### Work to be completed
Could you give every record again, exactly as it reads?

+-------+

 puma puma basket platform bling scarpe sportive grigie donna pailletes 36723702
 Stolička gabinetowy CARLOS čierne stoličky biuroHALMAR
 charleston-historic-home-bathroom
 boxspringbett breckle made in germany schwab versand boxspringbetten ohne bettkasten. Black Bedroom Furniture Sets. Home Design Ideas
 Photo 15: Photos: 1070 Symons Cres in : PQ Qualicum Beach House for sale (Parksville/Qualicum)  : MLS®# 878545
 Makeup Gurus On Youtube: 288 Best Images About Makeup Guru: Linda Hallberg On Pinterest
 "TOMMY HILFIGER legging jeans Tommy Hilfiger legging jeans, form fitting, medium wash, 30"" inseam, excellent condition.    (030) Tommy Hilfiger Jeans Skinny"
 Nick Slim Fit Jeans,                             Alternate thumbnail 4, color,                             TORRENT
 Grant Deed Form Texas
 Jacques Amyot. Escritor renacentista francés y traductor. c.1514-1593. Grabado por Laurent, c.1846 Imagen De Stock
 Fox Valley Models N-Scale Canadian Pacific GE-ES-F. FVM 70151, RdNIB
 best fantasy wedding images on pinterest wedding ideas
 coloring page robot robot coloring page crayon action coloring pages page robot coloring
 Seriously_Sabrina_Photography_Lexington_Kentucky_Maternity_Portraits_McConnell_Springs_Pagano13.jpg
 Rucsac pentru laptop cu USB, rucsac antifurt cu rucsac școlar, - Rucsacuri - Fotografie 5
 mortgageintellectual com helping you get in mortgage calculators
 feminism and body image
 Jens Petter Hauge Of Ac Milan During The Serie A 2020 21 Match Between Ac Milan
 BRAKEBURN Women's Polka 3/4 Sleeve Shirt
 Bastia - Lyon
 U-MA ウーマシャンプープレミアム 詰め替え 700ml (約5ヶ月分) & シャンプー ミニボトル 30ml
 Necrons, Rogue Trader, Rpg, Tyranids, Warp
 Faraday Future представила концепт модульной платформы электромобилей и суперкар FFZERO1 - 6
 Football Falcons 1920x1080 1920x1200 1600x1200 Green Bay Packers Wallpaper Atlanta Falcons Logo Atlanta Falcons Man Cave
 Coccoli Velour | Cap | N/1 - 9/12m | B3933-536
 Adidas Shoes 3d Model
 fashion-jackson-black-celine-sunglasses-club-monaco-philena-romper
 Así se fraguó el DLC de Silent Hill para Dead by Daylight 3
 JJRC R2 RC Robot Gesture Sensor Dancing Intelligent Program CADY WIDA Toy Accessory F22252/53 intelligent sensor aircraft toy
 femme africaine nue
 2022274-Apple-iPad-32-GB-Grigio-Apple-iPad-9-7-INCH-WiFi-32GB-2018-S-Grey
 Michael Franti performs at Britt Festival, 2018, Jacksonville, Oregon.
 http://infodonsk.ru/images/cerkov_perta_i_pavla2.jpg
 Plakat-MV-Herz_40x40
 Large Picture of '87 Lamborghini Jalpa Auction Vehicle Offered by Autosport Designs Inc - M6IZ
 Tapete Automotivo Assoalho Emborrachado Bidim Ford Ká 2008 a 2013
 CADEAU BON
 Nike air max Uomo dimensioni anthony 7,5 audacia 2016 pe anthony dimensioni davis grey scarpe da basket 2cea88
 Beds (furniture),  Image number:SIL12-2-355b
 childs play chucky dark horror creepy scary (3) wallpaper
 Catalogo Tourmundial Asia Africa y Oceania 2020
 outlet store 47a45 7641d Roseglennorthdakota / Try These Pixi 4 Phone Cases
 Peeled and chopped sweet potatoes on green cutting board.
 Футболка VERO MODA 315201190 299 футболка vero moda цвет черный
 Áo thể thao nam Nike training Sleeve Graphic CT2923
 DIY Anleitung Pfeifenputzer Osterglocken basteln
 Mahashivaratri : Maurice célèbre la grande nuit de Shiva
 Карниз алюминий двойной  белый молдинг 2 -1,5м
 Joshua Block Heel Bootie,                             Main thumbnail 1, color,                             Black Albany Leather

+-------+

### Output below
 puma puma basket platform bling scarpe sportive grigie donna pailletes 36723702
 Stolička gabinetowy CARLOS čierne stoličky biuroHALMAR
 charleston-historic-home-bathroom
 boxspringbett breckle made in germany schwab versand boxspringbetten ohne bettkasten. Black Bedroom Furniture Sets. Home Design Ideas
 Photo 15: Photos: 1070 Symons Cres in : PQ Qualicum Beach House for sale (Parksville/Qualicum)  : MLS®# 878545
 Makeup Gurus On Youtube: 288 Best Images About Makeup Guru: Linda Hallberg On Pinterest
 "TOMMY HILFIGER legging jeans Tommy Hilfiger legging jeans, form fitting, medium wash, 30"" inseam, excellent condition.    (030) Tommy Hilfiger Jeans Skinny"
 Nick Slim Fit Jeans,                             Alternate thumbnail 4, color,                             TORRENT
 Grant Deed Form Texas
 Jacques Amyot. Escritor renacentista francés y traductor. c.1514-1593. Grabado por Laurent, c.1846 Imagen De Stock
 Fox Valley Models N-Scale Canadian Pacific GE-ES-F. FVM 70151, RdNIB
 best fantasy wedding images on pinterest wedding ideas
 coloring page robot robot coloring page crayon action coloring pages page robot coloring
 Seriously_Sabrina_Photography_Lexington_Kentucky_Maternity_Portraits_McConnell_Springs_Pagano13.jpg
 Rucsac pentru laptop cu USB, rucsac antifurt cu rucsac școlar, - Rucsacuri - Fotografie 5
 mortgageintellectual com helping you get in mortgage calculators
 feminism and body image
 Jens Petter Hauge Of Ac Milan During The Serie A 2020 21 Match Between Ac Milan
 BRAKEBURN Women's Polka 3/4 Sleeve Shirt
 Bastia - Lyon
 U-MA ウーマシャンプープレミアム 詰め替え 700ml (約5ヶ月分) & シャンプー ミニボトル 30ml
 Necrons, Rogue Trader, Rpg, Tyranids, Warp
 Faraday Future представила концепт модульной платформы электромобилей и суперкар FFZERO1 - 6
 Football Falcons 1920x1080 1920x1200 1600x1200 Green Bay Packers Wallpaper Atlanta Falcons Logo Atlanta Falcons Man Cave
 Coccoli Velour | Cap | N/1 - 9/12m | B3933-536
 Adidas Shoes 3d Model
 fashion-jackson-black-celine-sunglasses-club-monaco-philena-romper
 Así se fraguó el DLC de Silent Hill para Dead by Daylight 3
 JJRC R2 RC Robot Gesture Sensor Dancing Intelligent Program CADY WIDA Toy Accessory F22252/53 intelligent sensor aircraft toy
 femme africaine nue
 2022274-Apple-iPad-32-GB-Grigio-Apple-iPad-9-7-INCH-WiFi-32GB-2018-S-Grey
 Michael Franti performs at Britt Festival, 2018, Jacksonville, Oregon.
 http://infodonsk.ru/images/cerkov_perta_i_pavla2.jpg
 Plakat-MV-Herz_40x40
 Large Picture of '87 Lamborghini Jalpa Auction Vehicle Offered by Autosport Designs Inc - M6IZ
 Tapete Automotivo Assoalho Emborrachado Bidim Ford Ká 2008 a 2013
 CADEAU BON
 Nike air max Uomo dimensioni anthony 7,5 audacia 2016 pe anthony dimensioni davis grey scarpe da basket 2cea88
 Beds (furniture),  Image number:SIL12-2-355b
 childs play chucky dark horror creepy scary (3) wallpaper
 Catalogo Tourmundial Asia Africa y Oceania 2020
 outlet store 47a45 7641d Roseglennorthdakota / Try These Pixi 4 Phone Cases
 Peeled and chopped sweet potatoes on green cutting board.
 Футболка VERO MODA 315201190 299 футболка vero moda цвет черный
 Áo thể thao nam Nike training Sleeve Graphic CT2923
 DIY Anleitung Pfeifenputzer Osterglocken basteln
 Mahashivaratri : Maurice célèbre la grande nuit de Shiva
 Карниз алюминий двойной  белый молдинг 2 -1,5м
 Joshua Block Heel Bootie,                             Main thumbnail 1, color,                             Black Albany Leather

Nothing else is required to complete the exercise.